Nissan Motor Co. rose higher following the U.S. government agreeing to offer a low-interest loan of 1.6 billion dollars, or 150 billion yen, to support the company's development of eco-friendly vehicles. After falling nearly 5% on Tuesday, the stock moved up sharply this morning on technical rebound and the positive news flow. However, after initial buoyancy, the stock pared its gains and is currently trading in the red.
Showa Shell Sekiyu KK shares rose sharply Wednesday, climbing 9.6% to hit a year-to-date high of 1,077 yen, on reports that the firm plans to set up solar power facilities in Saudi Arabia jointly with Saudi Arabian Oil Co., attracting buying from investors targeting solar-related issues. On May 26, Showa Shell had announced its aim to generate sales of 50 billion yen from the solar cell business in fiscal 2014, amounting to half of its group pretax profit target for the full year. The stock is currently trading up 8.2% at 1,064 yen.
On the economic front, Japan posted a 299.8 billion yen merchandise trade surplus in May, Finance Ministry data showed Wednesday, marking the fourth straight month of surplus. The figure was better than the 214.6 billion yen surplus expected by economists polled by Dow Jones Newswires and the Nikkei. The surplus was 12.1% narrower than in the same month a year earlier.
Exports in May fell 40.9% from a year earlier, the eighth straight month of decline on weak overseas demand for cars, steel and electronic parts, the data showed. Imports dropped 42.4% in May, the data showed, marking the seventh straight month of decrease.
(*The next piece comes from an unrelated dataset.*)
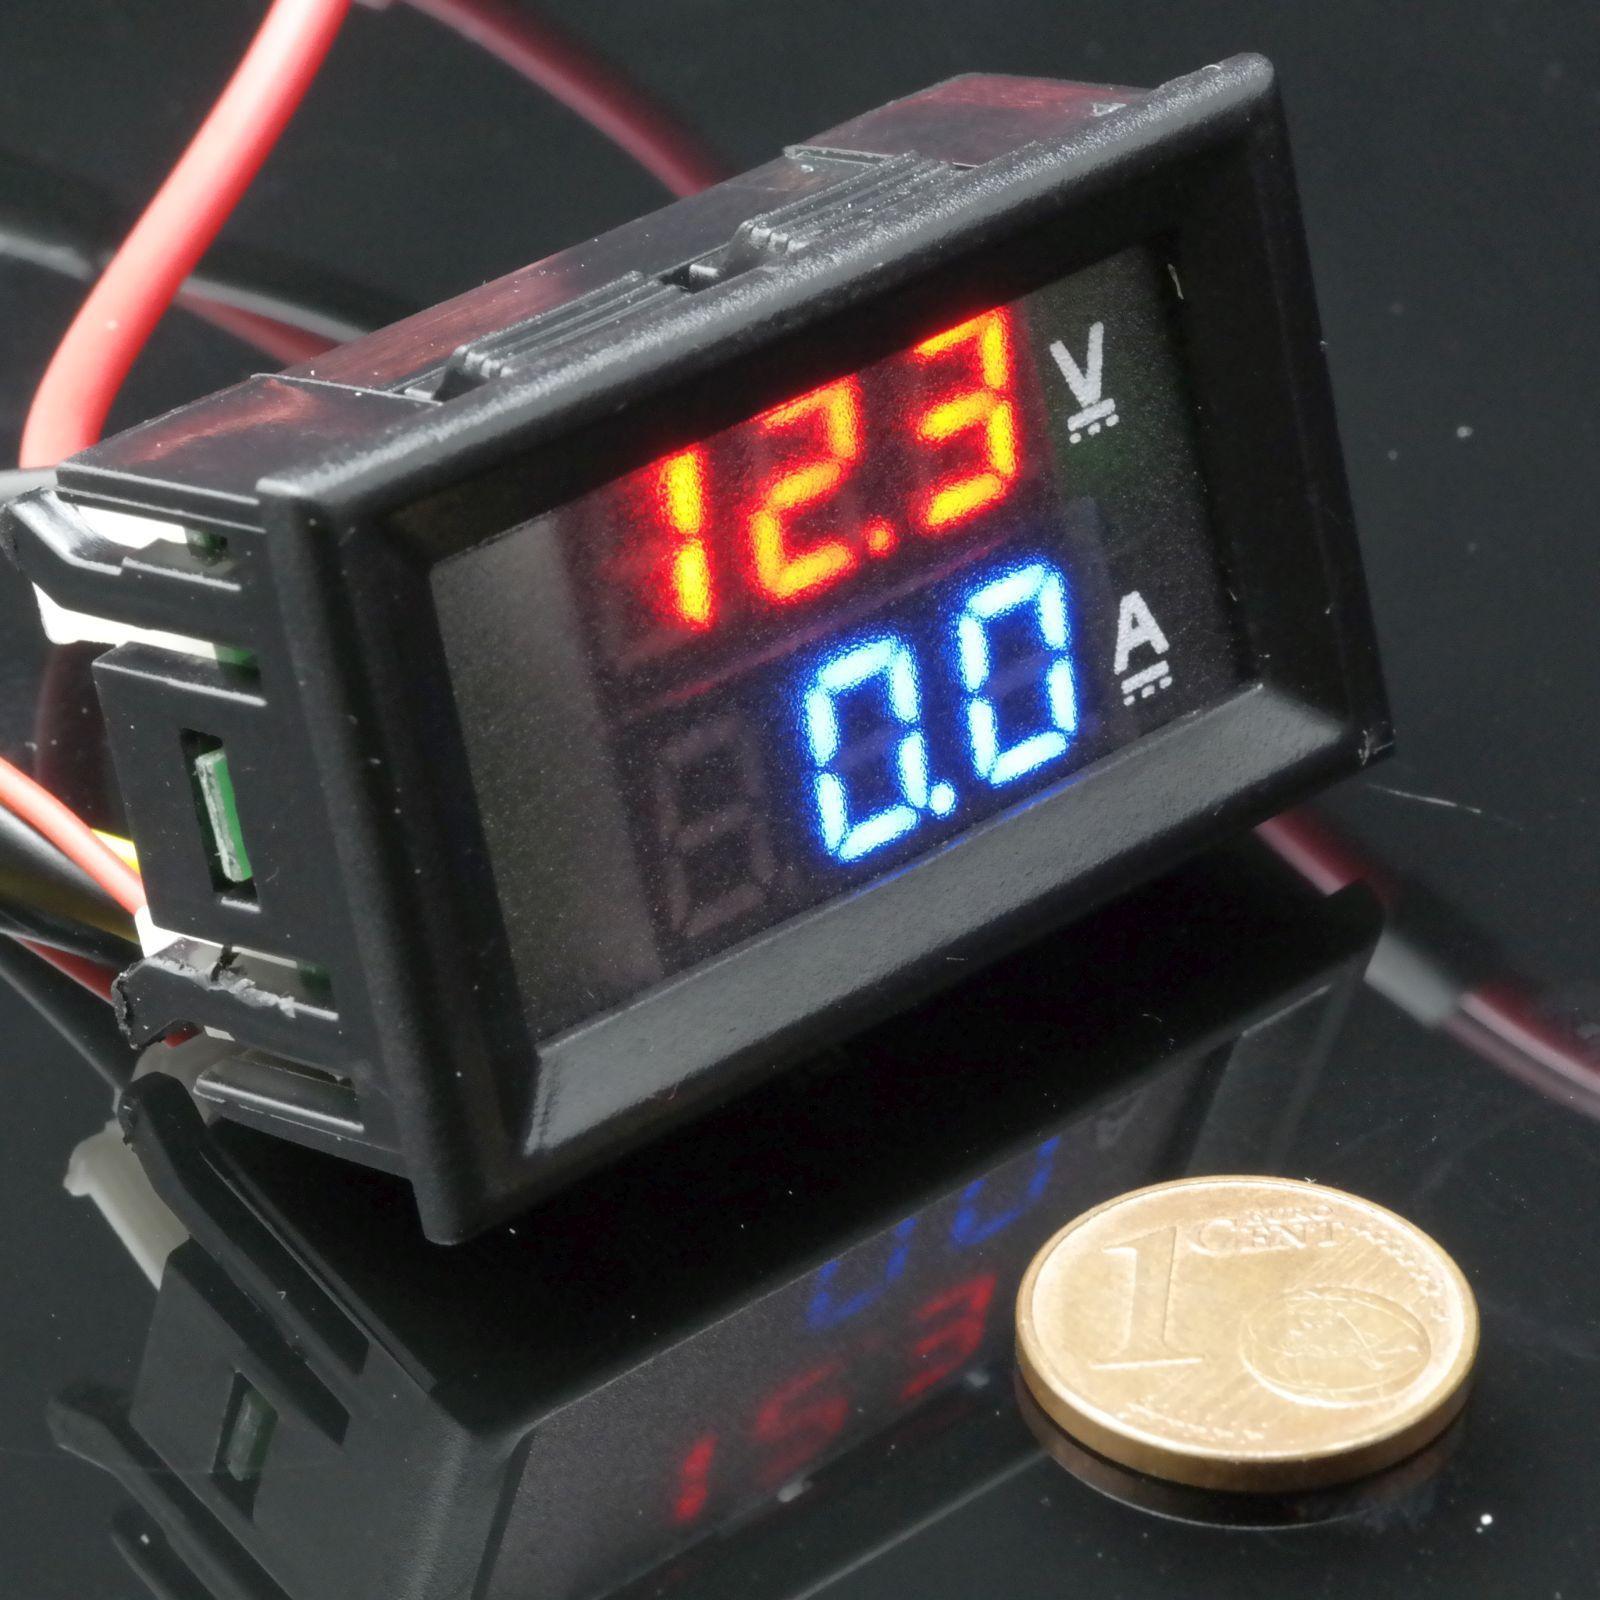 USB Charger Doctor Volt /& Amperemeter Monitor Spannung Strom Messgerät /& Zubehör

In other economic news, a release from the Bank of Japan revealed the corporate services price index plunged 3% year on year to 92.4 in May, the sharpest decline since the data began to be compiled in 1985. The decline was attributed to lower crude oil prices and overall sluggish demand. The index dropped 0.3% from April, down for the second straight month. By industry, prices in the transport sector slid 10.7% year on year, while the advertising industry saw a record 6.6% decline. The index gauges the overall level of prices that companies pay for services.
In the South Korean market, bank stocks are mostly trading weak. Oil and energy stocks are subdued, while automobiles are trading mixed.
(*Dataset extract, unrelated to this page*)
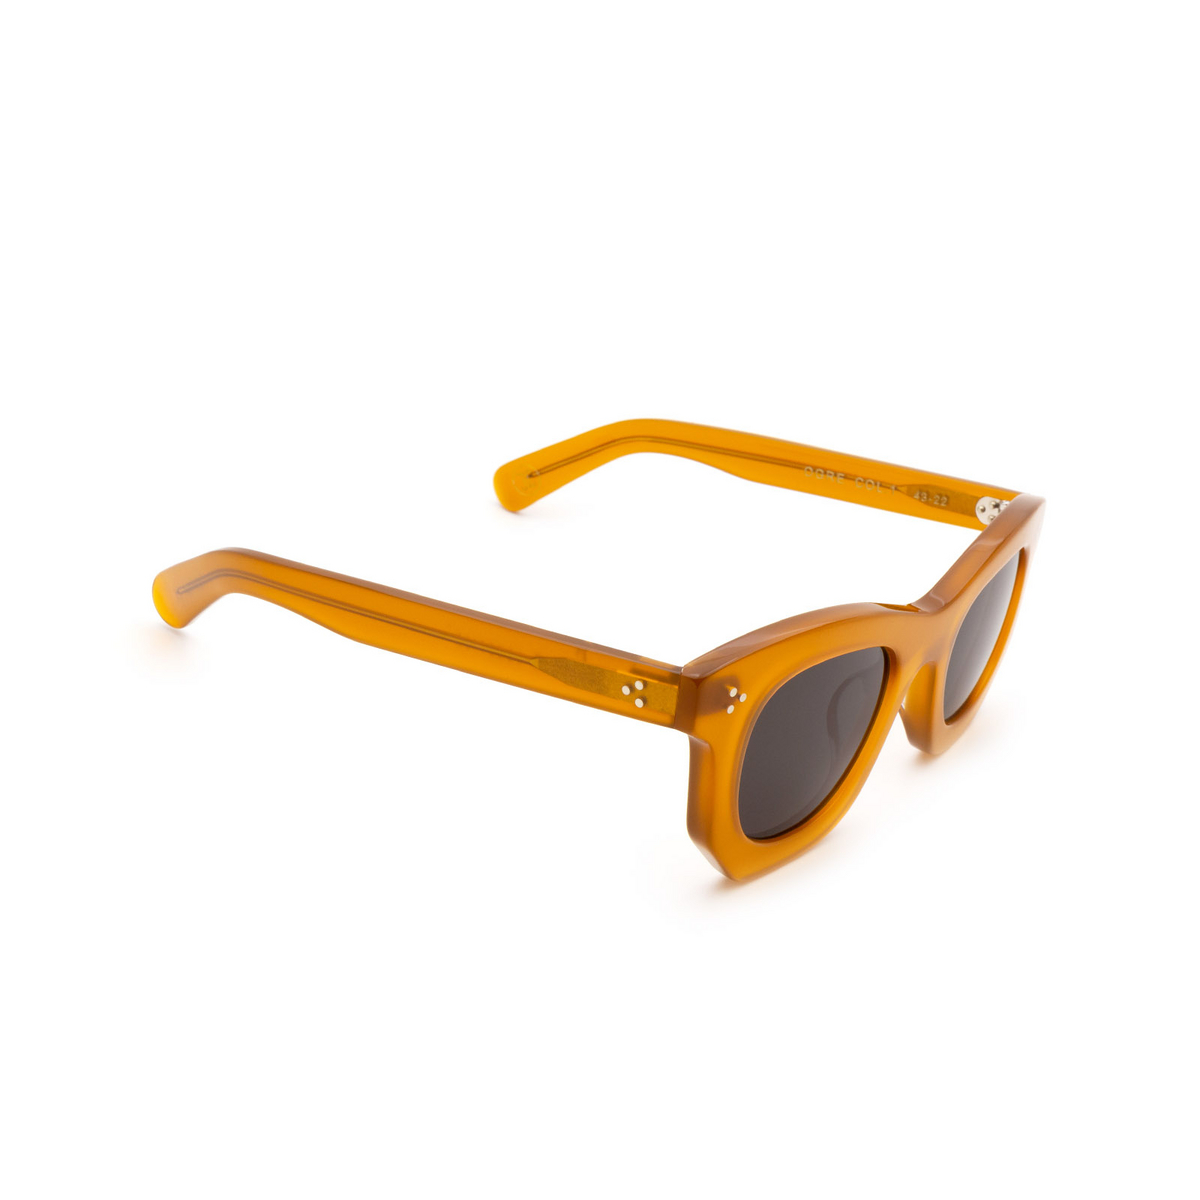 Lesca® Irregular Sunglasses: Ogre Sun color Honey 1 - three-quarters view.

Technology stocks are seen trading firm, with Hynix Semiconductor, LG Electronics and LG Display LCD posting sharp gains. Market heavyweight Samsung Electronics is trading modestly higher.
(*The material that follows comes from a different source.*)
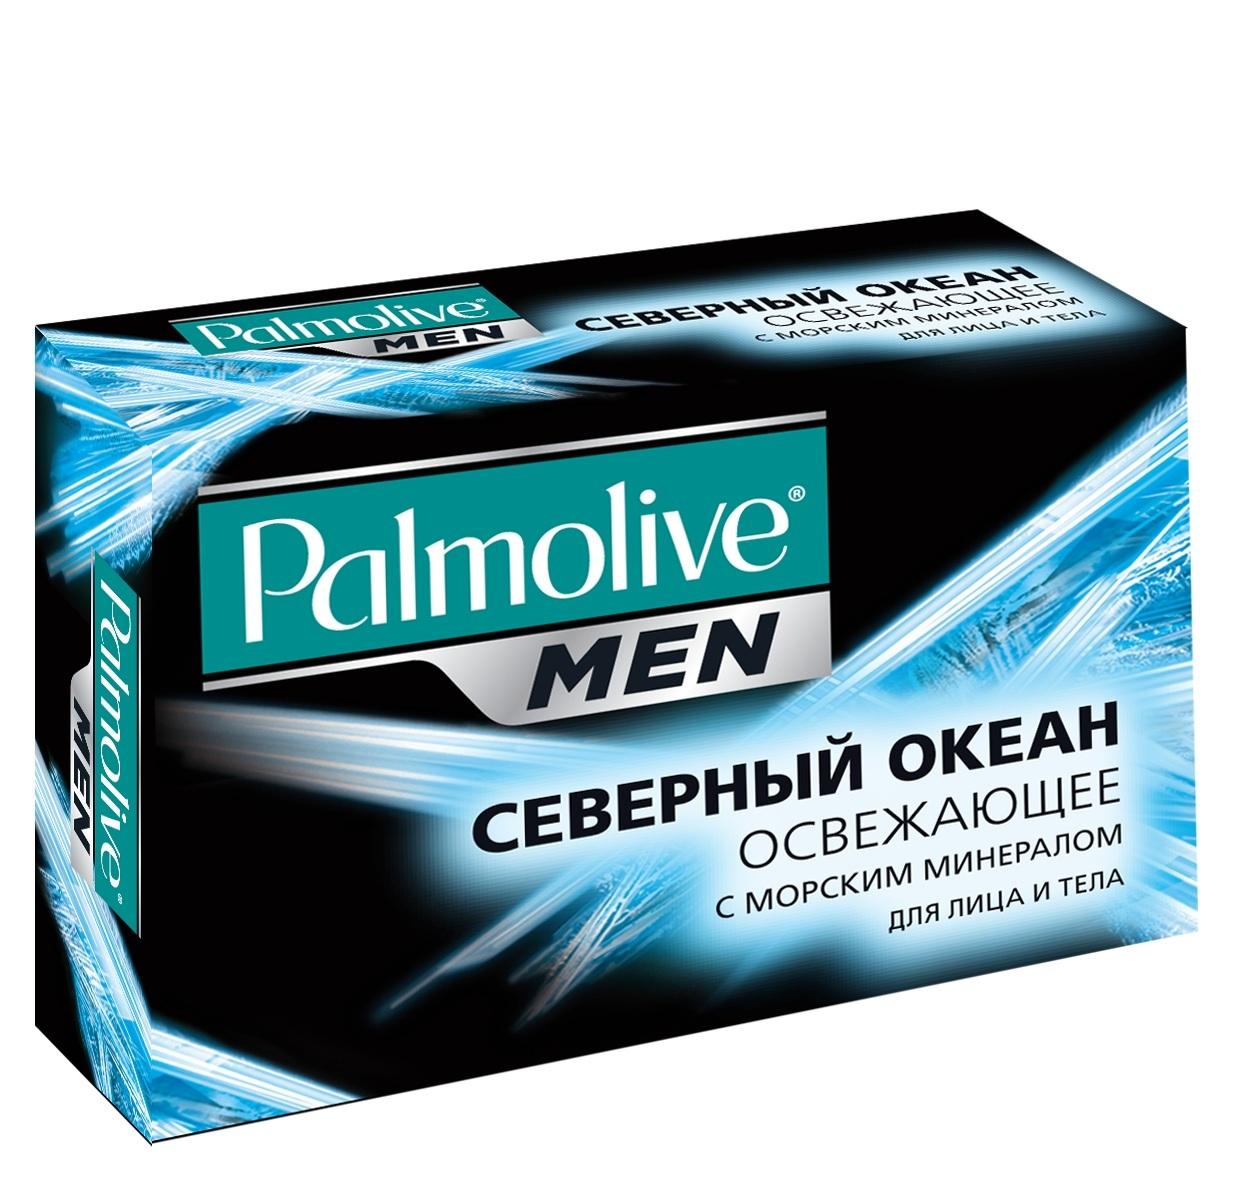 Palmolive Мыло туалетное Palmolive Men

Steel stocks are trading flat. Telecom stocks are exhibiting weakness while shipbuilders and airliners are trading mixed.
The Korean benchmark KOSPI is down by 5 points at 1,355.54. Earlier, after moving on to 1,367, the index had dropped down to around 1,350. The KOSPI had ended 39.17 points or 2.8% down at 1,361 on Tuesday following losses on Wall Street, amid concerns about global recovery.
Among other markets in the Asia-Pacific region, Shanghai and Hong Kong are trading with modest gains. Indonesia, Singapore and Taiwan are up sharply, while the New Zealand market is trading lower.
On Tuesday, stocks ended little changed on Wall Street after a choppy ride. Volumes were thin as traders mostly stayed on the sidelines ahead of the release of the Federal Reserve's outlook on interest rates. A lower than expected rise in existing homes sales also weighed to an extent.
The major averages finished on opposite sides of the unchanged mark by only mild margins, unable to sustain any notable moves on the day. While the S&P 500 finished up by 2.06 points or 0.2 percent at 895.10, the Dow slipped by 16.10 points or 0.2 percent to 8,322.91, and the Nasdaq dropped by 1.27 points or 0.1 percent to 1,764.92.
Major European markets finished the day on opposite sides of the unchanged line. The French CAC 40 Index and the U.K.'s FTSE 100 Index slipped by 0.2 percent and 0.1 percent, respectively, while the German DAX eked out a 0.3 percent gain.
Oil jumped higher on Tuesday as investors looked ahead to the Energy Information Administration's weekly inventory report, which is expected to show a drop in stockpiles on Wednesday. Light sweet crude for August delivery rose to US$69.24 per barrel, up US$1.74 on the session. Prices rallied as high as US$69.68 after falling to as low as US$ 66.37.